> TASK BRIEF
The copy you give must match the listing below exactly and contain no pictures.

(RAW DATA begins)

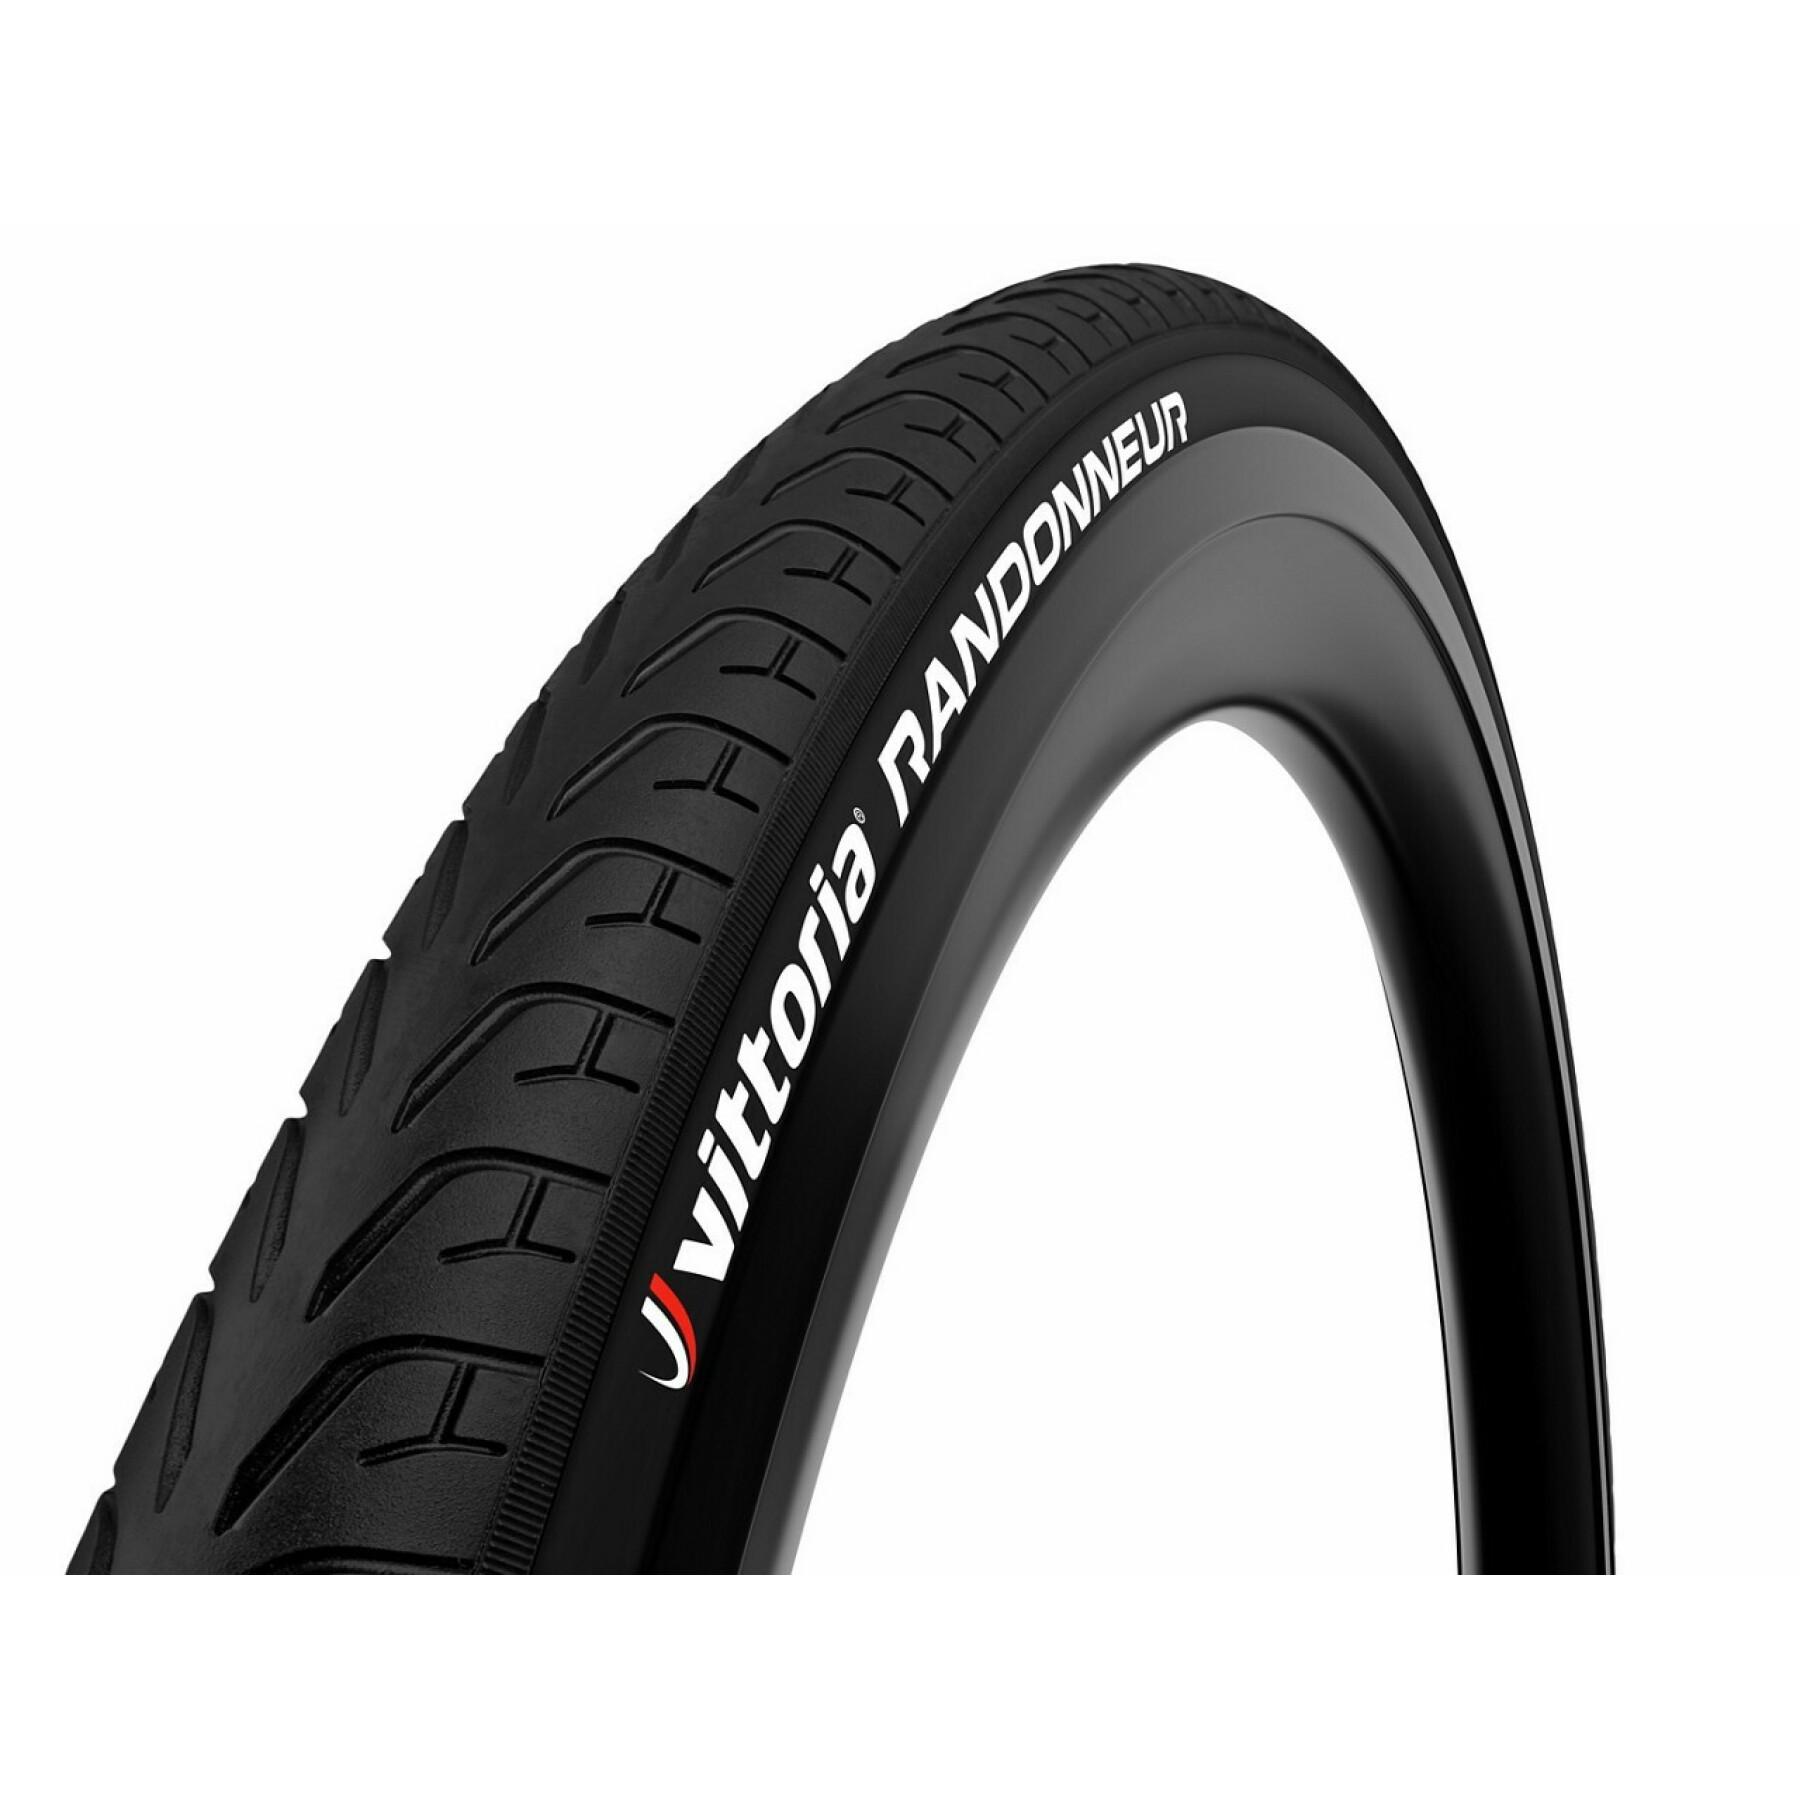 Hiker tire without reflective tape Vittoria City
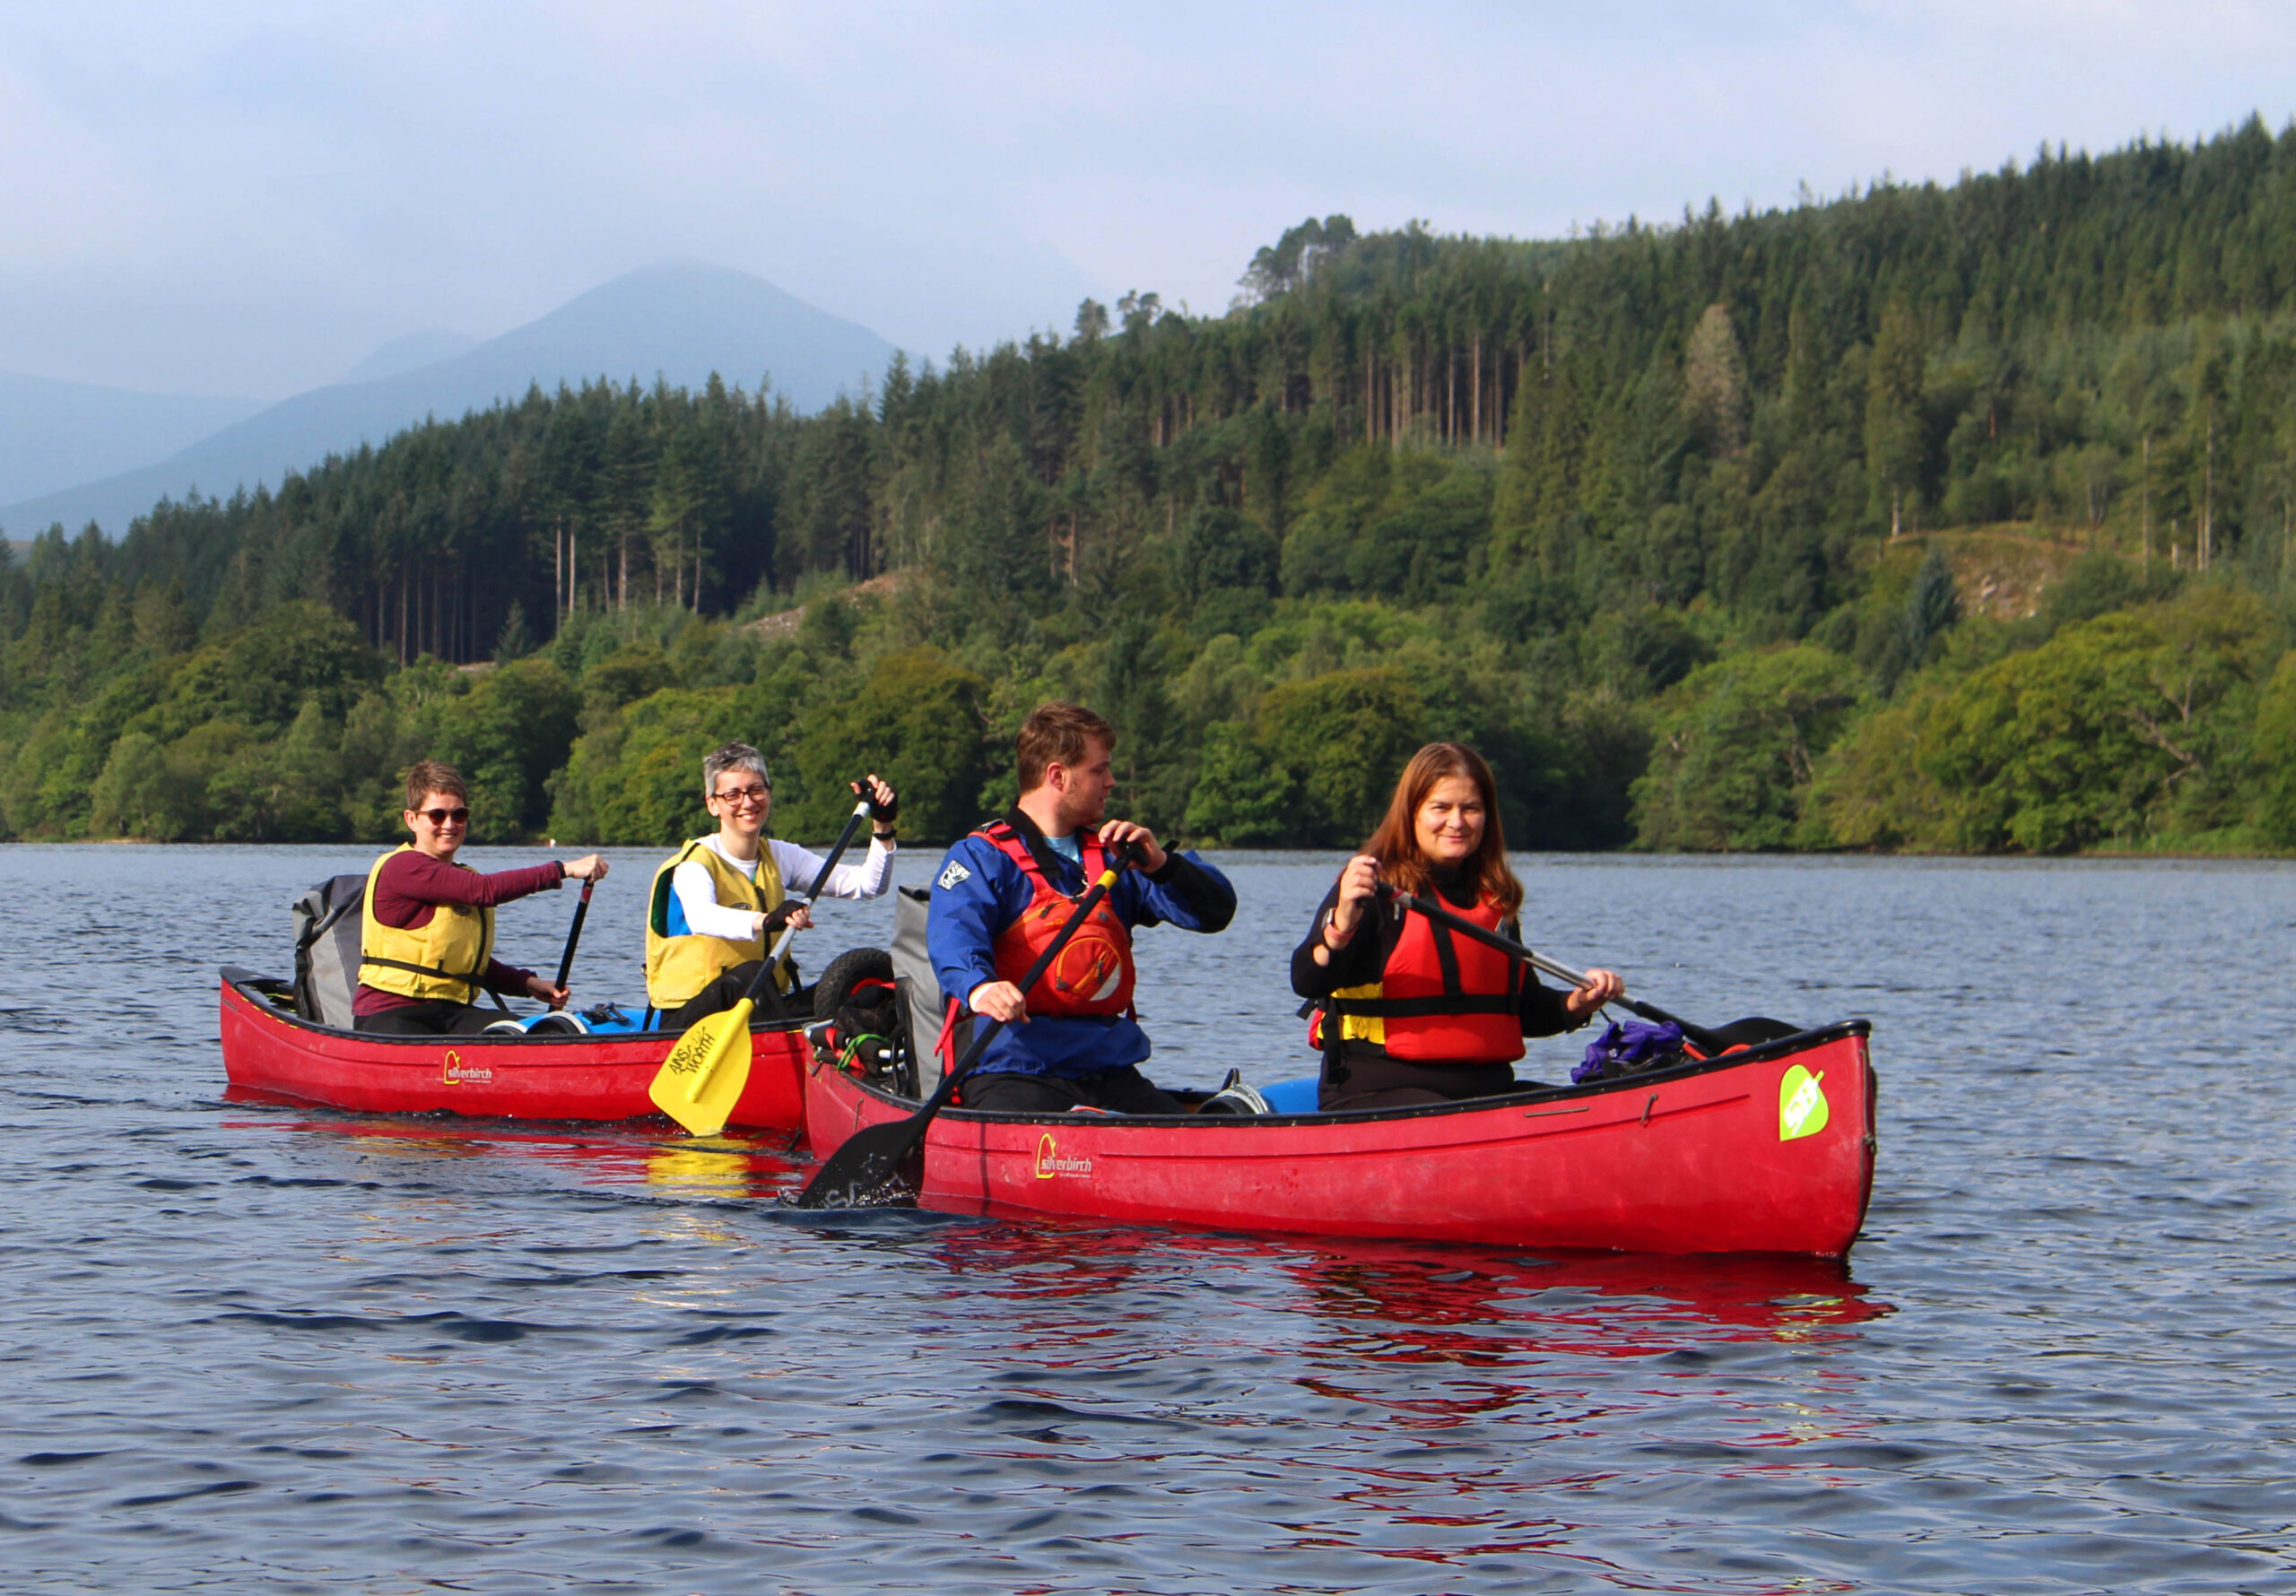 A group enjoying an Active Outdoor Pursuits Great Glen Way canoe holiday/journey.
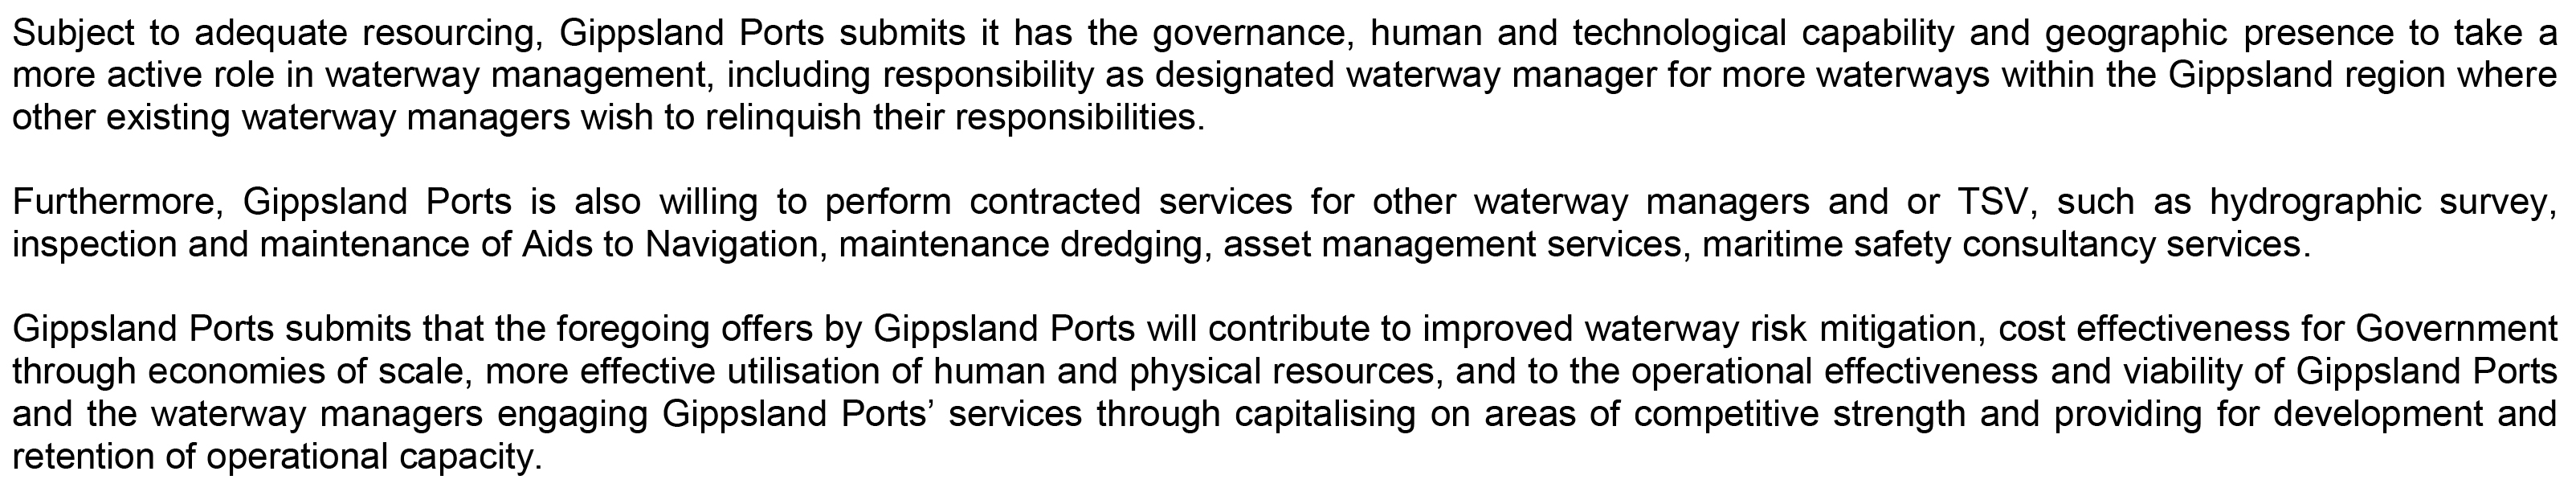 RESPONSE provided by the Chief Executive Officer, Gippsland Ports.
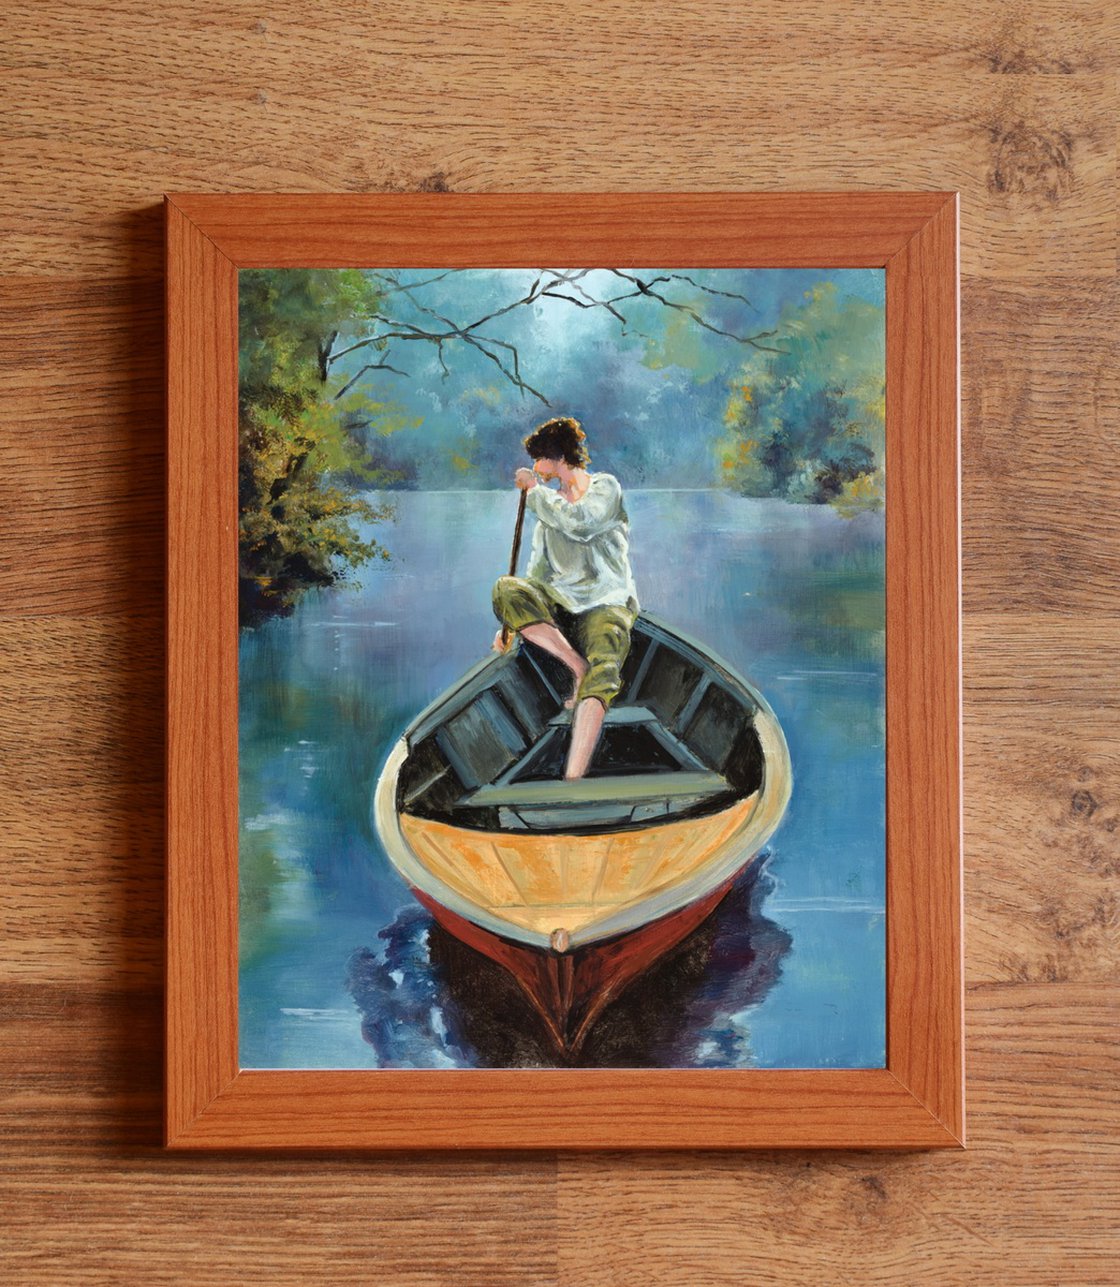 MAGDA BOY FISHING IN PARIS ORIGINAL OIL ON CANVAS LANDSCAPE PAINTING

(RAW DATA ends)

> SOLUTION
 Hiker tire without reflective tape Vittoria City
 A group enjoying an Active Outdoor Pursuits Great Glen Way canoe holiday/journey.
 RESPONSE provided by the Chief Executive Officer, Gippsland Ports.
 MAGDA BOY FISHING IN PARIS ORIGINAL OIL ON CANVAS LANDSCAPE PAINTING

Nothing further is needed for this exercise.